WHAT THE EXERCISE ASKS. With the pictures omitted, write out all of the listing exactly.

== INFORMATION PROVIDED

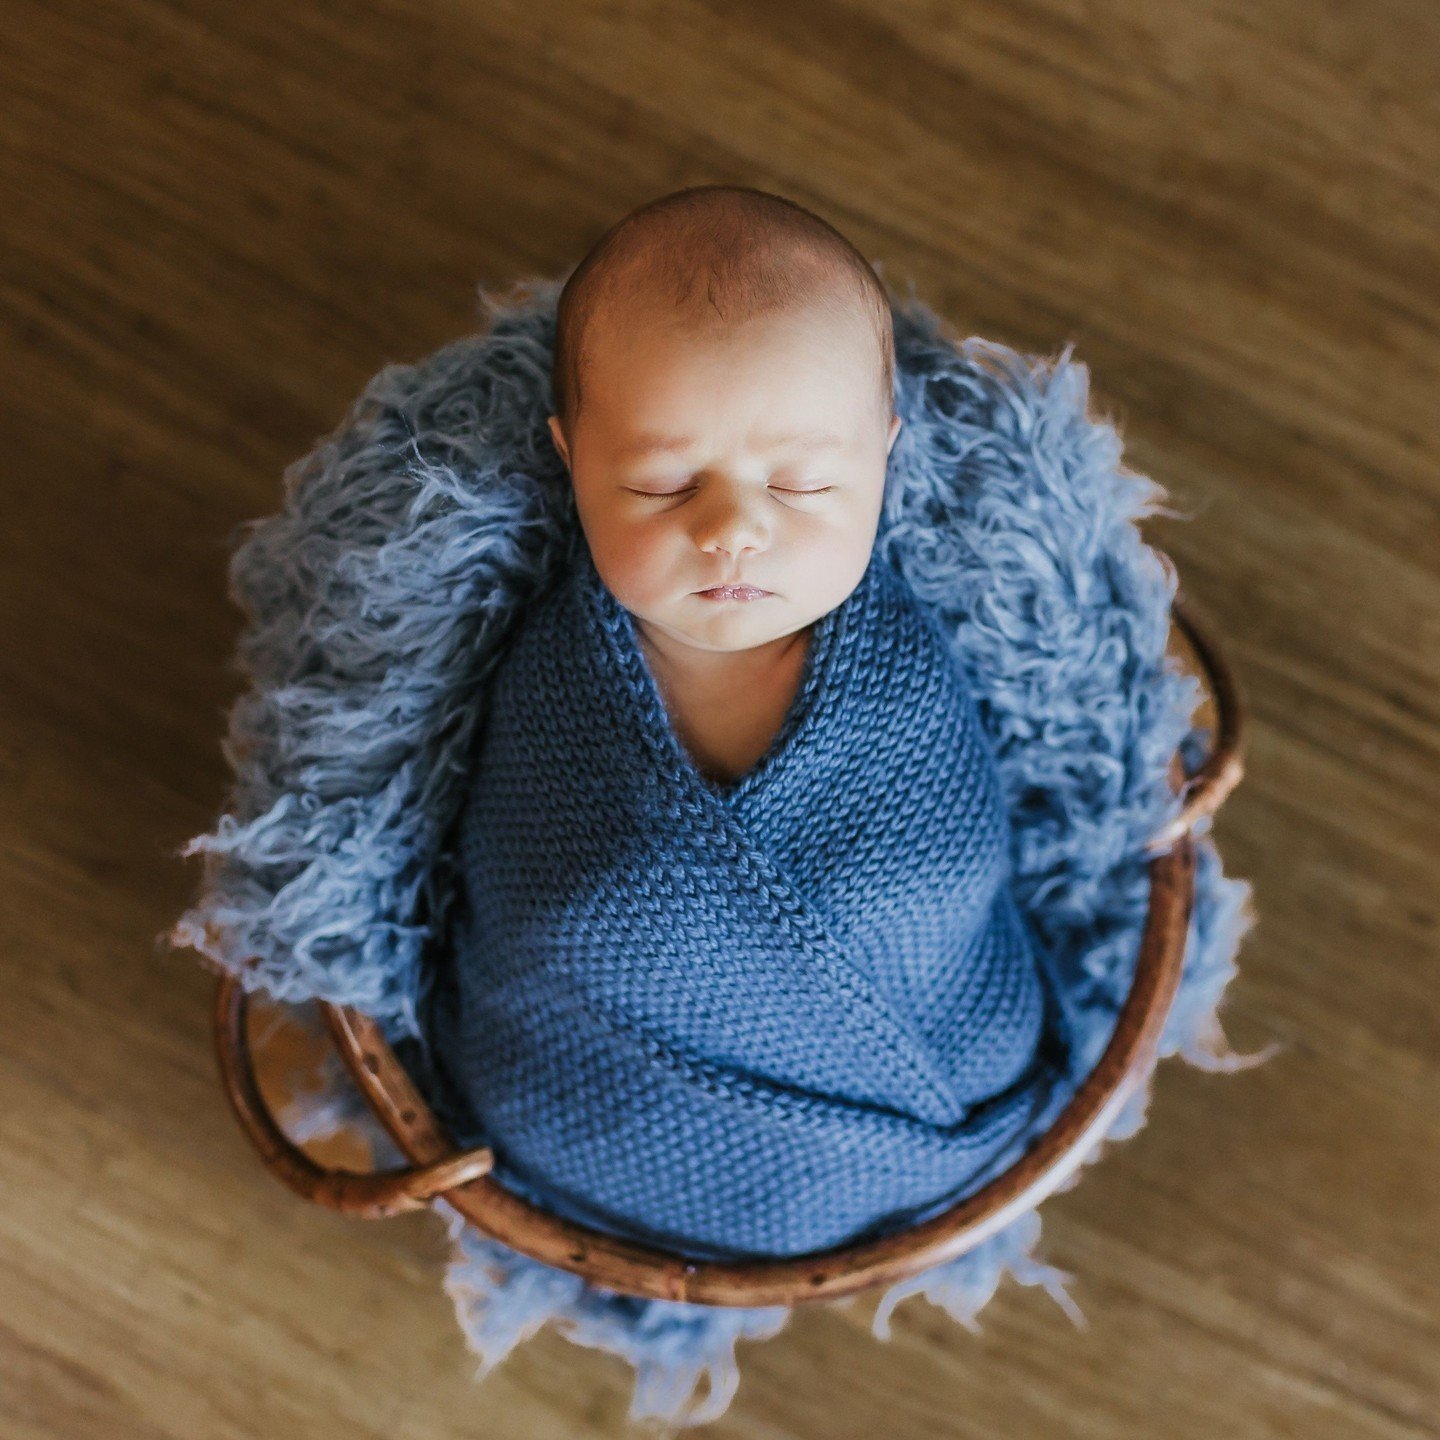 For all the mamas out there wondering if you must skip newborn photos and wait a bit more because I understand the newborn stage is vulnerable and a bit chaotic, my honest answer is NO! ⁠
⁠
Of course, I would be happy to work with you wherever you de

====

YOUR RESPONSE.
 For all the mamas out there wondering if you must skip newborn photos and wait a bit more because I understand the newborn stage is vulnerable and a bit chaotic, my honest answer is NO! ⁠
⁠
Of course, I would be happy to work with you wherever you de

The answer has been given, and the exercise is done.